▸ Exercise aim:
Down to the last line, repeat the data below exactly.
___ Material provided ___
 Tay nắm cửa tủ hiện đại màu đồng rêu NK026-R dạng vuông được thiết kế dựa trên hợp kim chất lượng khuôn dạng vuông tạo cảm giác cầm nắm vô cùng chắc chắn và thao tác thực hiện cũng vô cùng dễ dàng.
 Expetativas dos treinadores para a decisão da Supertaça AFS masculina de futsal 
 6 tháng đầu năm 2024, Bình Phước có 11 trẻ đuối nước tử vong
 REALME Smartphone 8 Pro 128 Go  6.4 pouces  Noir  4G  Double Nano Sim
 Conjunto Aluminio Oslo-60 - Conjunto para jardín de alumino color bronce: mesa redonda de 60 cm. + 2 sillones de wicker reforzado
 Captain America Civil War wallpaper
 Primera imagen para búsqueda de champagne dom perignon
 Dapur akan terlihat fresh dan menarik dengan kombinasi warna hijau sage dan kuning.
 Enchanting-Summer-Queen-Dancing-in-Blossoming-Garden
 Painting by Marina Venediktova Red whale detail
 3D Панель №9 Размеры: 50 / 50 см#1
___
▸ Your solution:
 Tay nắm cửa tủ hiện đại màu đồng rêu NK026-R dạng vuông được thiết kế dựa trên hợp kim chất lượng khuôn dạng vuông tạo cảm giác cầm nắm vô cùng chắc chắn và thao tác thực hiện cũng vô cùng dễ dàng.
 Expetativas dos treinadores para a decisão da Supertaça AFS masculina de futsal 
 6 tháng đầu năm 2024, Bình Phước có 11 trẻ đuối nước tử vong
 REALME Smartphone 8 Pro 128 Go  6.4 pouces  Noir  4G  Double Nano Sim
 Conjunto Aluminio Oslo-60 - Conjunto para jardín de alumino color bronce: mesa redonda de 60 cm. + 2 sillones de wicker reforzado
 Captain America Civil War wallpaper
 Primera imagen para búsqueda de champagne dom perignon
 Dapur akan terlihat fresh dan menarik dengan kombinasi warna hijau sage dan kuning.
 Enchanting-Summer-Queen-Dancing-in-Blossoming-Garden
 Painting by Marina Venediktova Red whale detail
 3D Панель №9 Размеры: 50 / 50 см#1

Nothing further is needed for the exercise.